Behrouz Boochani says lives at risk in PNG as Albanese Government ignores stranded refugees

Media Release
13 December, 2023

Behrouz Boochani joined a panel of refugee advocates in Melbourne today, to demand the Albanese Government stop ignoring calls for the urgent evacuation to Australia of 60 refugees stranded without food or medical care in Port Moresby.

The situation has worsened for refugees trapped in PNG in recent weeks, with many cut off from food, power, transport and medical care amid allegations of corruption and misuse of funds provided under a secretive agreement between the Australian and PNG governments.

The ASRC can confirm 11 urgent medevac briefs and 25 risk notifications have been sent to Home Affairs Minister Clare O’Neill about escalating and life-threatening medical conditions facing several refugees.  All communications have been ignored.

At least 16 of the 60 refugees trapped in PNG  have acute physical and mental health conditions including  heart disease, diabetes, high blood pressure, liver issues, and some require urgent surgeries for life threatening conditions.  Many of the refugees also suffer debilitating mental health conditions including severe anxiety, depression, PTSD, psychosis and suicidality.

More than 500 doctors and health professionals have supported the call for urgent medical evacuation, detailed in an open letter delivered to Government officials at the end of November 2023.  
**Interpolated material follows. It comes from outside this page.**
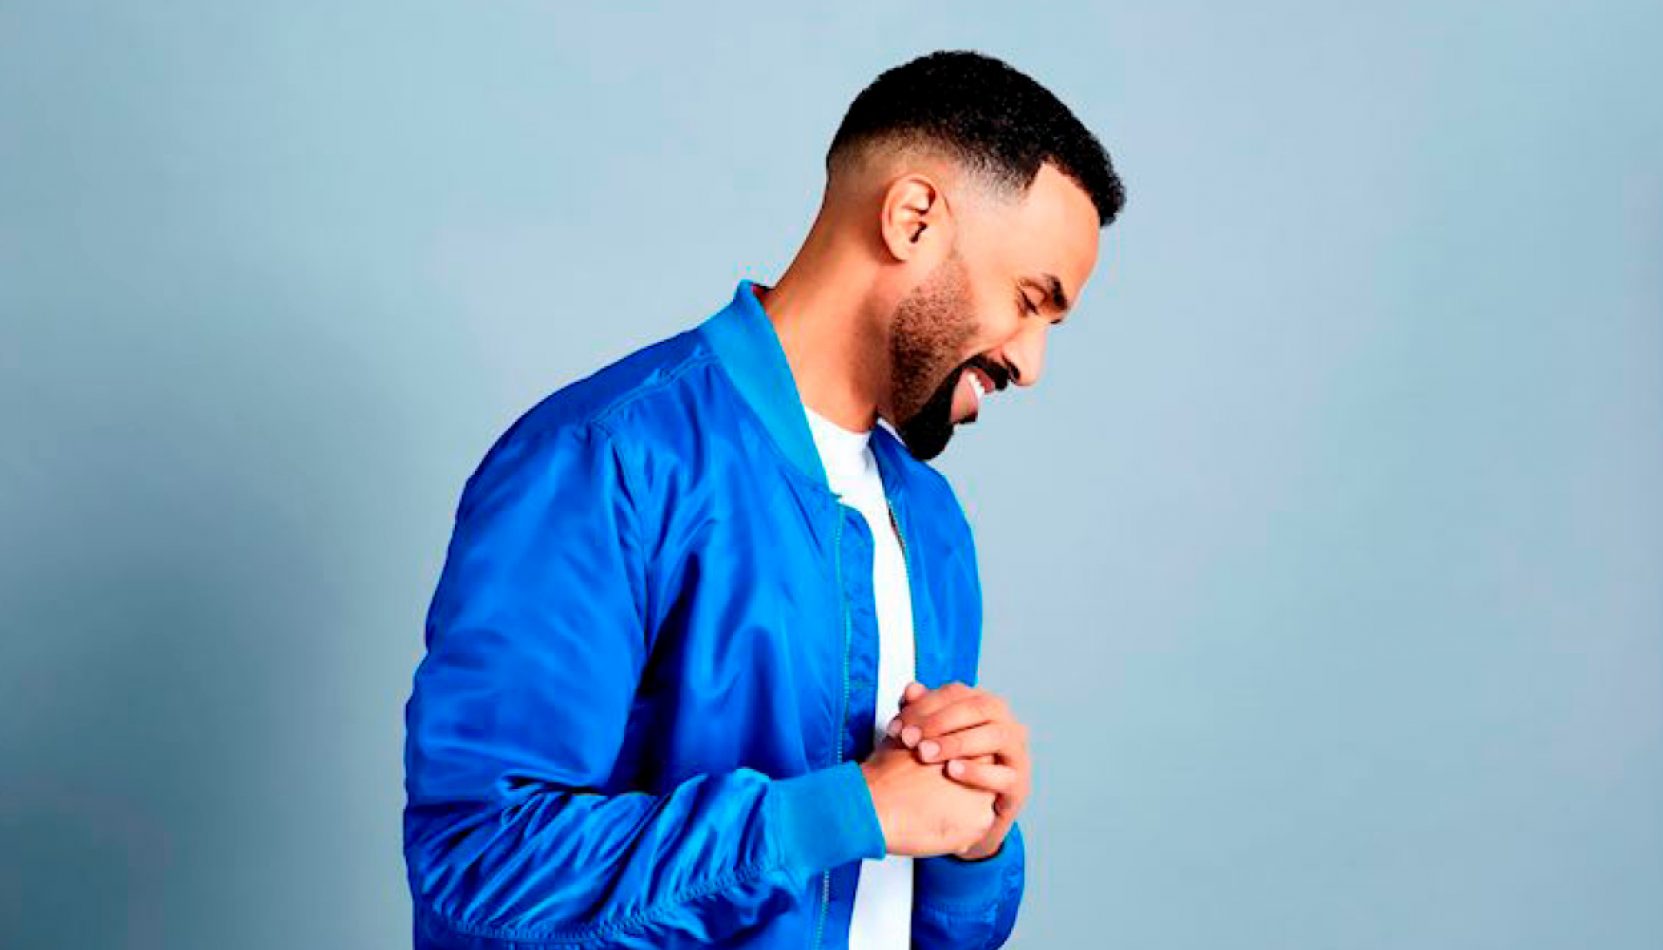 craig david, whats on this summer, jockey club live, live music, racing, entertainment, guide to whats on, guide to whats on this summer, guide to surrey, live music, things to do, events in surrey, nights out in surrey

Medical professionals expressed grave concerns about the impact of deteriorating living conditions on people’s physical and mental health, and are alarmed some refugees are experiencing severe depression with recent self-harm attempts. The risk of suicide remains chronically high and unpredictable.

It has now been more than 7 weeks since Government officials in both PNG and Australia said the 16 refugees suffering serious health conditions would be brought to Australia for medical treatment. There have been no evacuations, and only 3 people have been resettled to Canada and the United States.

Behrouz Boochani, Author, Journalist and refugee formerly held on Manus Island:
“There is a long history of dehumanisation of refugees in this country. This violence has been normalised, but it is not normal, it should never be normal. When you dehumanise people, it is easy to kill them, torture them, starve them and banish them.

“This tragedy in Papua New Guinea has been created by the Australian Government, yet the Government says it is not responsible for refugees. The refugees came to seek asylum in Australia – you cannot just leave them behind.”

Faisal Elzeiny, refugee trapped in Port Moresby with his family:
“I don’t know what will happen, now that everything has finished. Food has finished and allowances have stopped, I’m scared about what’s to come.

“I need a good life for my kids, I need to protect my kids and feed my kids. What will I do, if now or next week service providers kick me outside my house? I will have to sleep with my wife and kids in the street. I don’t know why the Australian government is treating me like this.”

Heidi Abdel-Raouf, ASRC’s Detention Casework Policy Lead:
“The refugees in PNG are sending photos of empty fridges and reporting that they have no food, have not eaten for days and their children are going hungry.  They are feeling unwell but cannot pay for health care and access vital medications at the local hospital.

“People are becoming increasingly distressed, hopeless and despondent as they struggle to survive and face the uncertainty of a new year, with 2024 symbolising the eleventh year they have been held offshore.”

Dr Nilanthy Vigneswaran, Infectious Diseases Fellow and co-signer of open letter to Australian Parliament

“The situation for the refugees who remain trapped in Papua New Guinea,  for more than a decade, is unquestionably dire.  Without appropriate funding, basic humanitarian needs including food, water, electricity and housing are under threat, compounding the trauma they and their families have already experienced.

“These 60 men and their families trapped in PNG  must be urgently brought to Australia for their healthcare needs to be addressed. Appropriate and accessible medical care are not subject to the whims of Australia’s immigration policies – they are fundamental and undeniable human rights.”